First responders and rescue squads have responded and carried out several rescues Thursday morning and throughout the day.

“Man, then the Right Beaver started, Wayland, edge of daylight, down to Garrett now, numerous, numerous rescues have been underway, and some have already been, obviously, successful,” said Floyd County Sheriff John Hunt.

Floyd County locals have also been helping first responders and providing support in any way they can - providing extra boats, life jackets, and more.

“Boats in the water by the fire departments and rescue squads and a lot of just, Good Samaritans, are bringing us boats to use and jet skis in the water,” said Sheriff Hunt. “We’re using about all resources that we have to make these rescues and, so far, a lot of them are being made, but we’ve got a lot more to make.”

Garrett resident Frank Wright has lost his home, cars and many of his personal belongings in the flood waters.

“I said it’s time to go, so I shut what electricity I could off, ran in the house, and grabbed what I could,” said Wright. “I left with two shirts, one pair of shorts, and two pairs of boots... and one pair of socks.”

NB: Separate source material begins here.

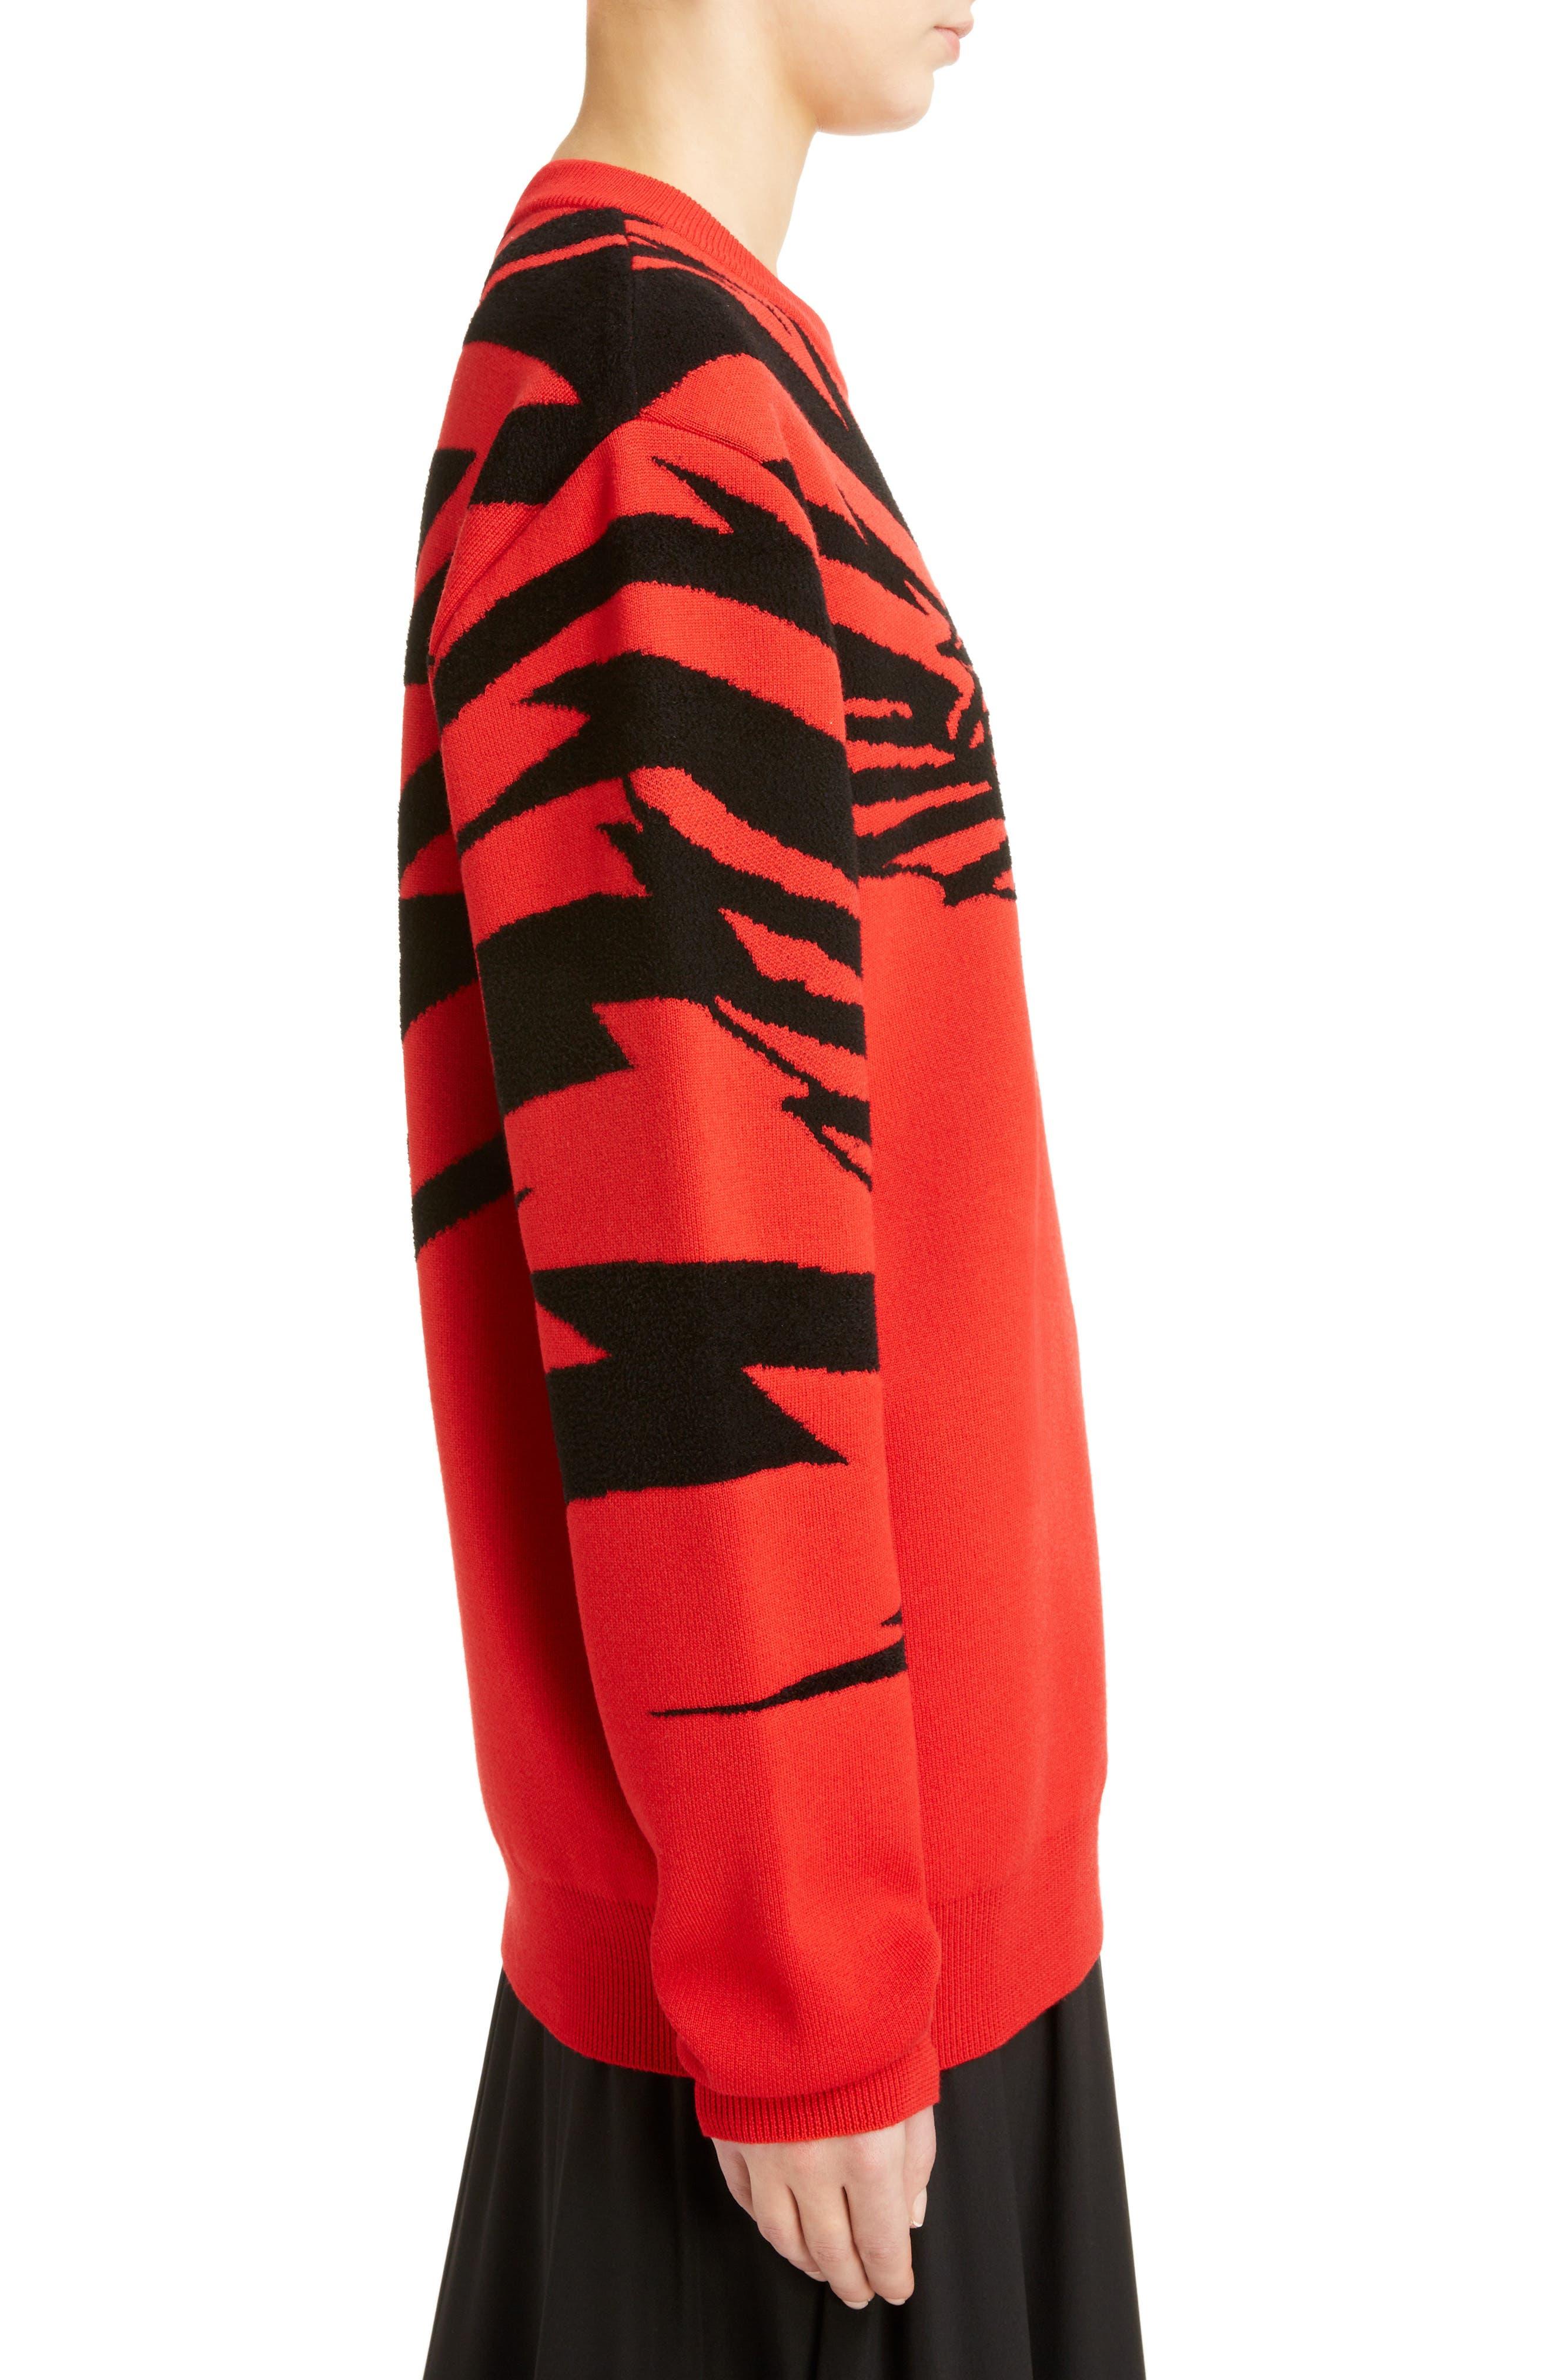 Tiger Wool Jacquard Sweater,                             Alternate thumbnail 3, color,                             RED/ BLACK

Despite the loss, Wright is helping in any way he can. Two of his family members were stuck in their home in nearby Maytown but were rescued by first responders.

“I’ve lost everything I got,” said Wright. “So I’m out trying to help other people just save lives.”

In an update from Wright, his family members were alive, but one was admitted to a nearby hospital while the other was treated and released.

Sheriff Hunt said there were too many rescues to count, but many were successful and many more will be needed. Hunt added to seek higher ground or shelter if you believe your home may be threatened by flood water.

“If you think that you’re going to be affected by this water, if you’re not already, if you lived on the outer skirts of this and waters coming your way, please call us now,” said Sheriff Hunt. “Make a room, make arrangements to get out, don’t wait till the water comes.”

Sheriff Hunt encouraged folks to text or call his personal cell phone at (606) 594-3377 or Floyd County Dispatch at (606) 515-1946 if in trouble. You can also message the Floyd County Sheriff’s Office on Facebook for assistance.

Hunt added that the Floyd County Community Center is open as a shelter to remain dry, rest, and charge cell phones.

Many schools throughout Floyd County will also be serving meals for children 18 and under from 9 a.m. to 4 p.m. including Adams Middle School, Allen Elementary, Betsy Layne Elementary, Duff-Allen Central Elementary, May Valley Elementary, Stumbo Elementary, and South Floyd Elementary.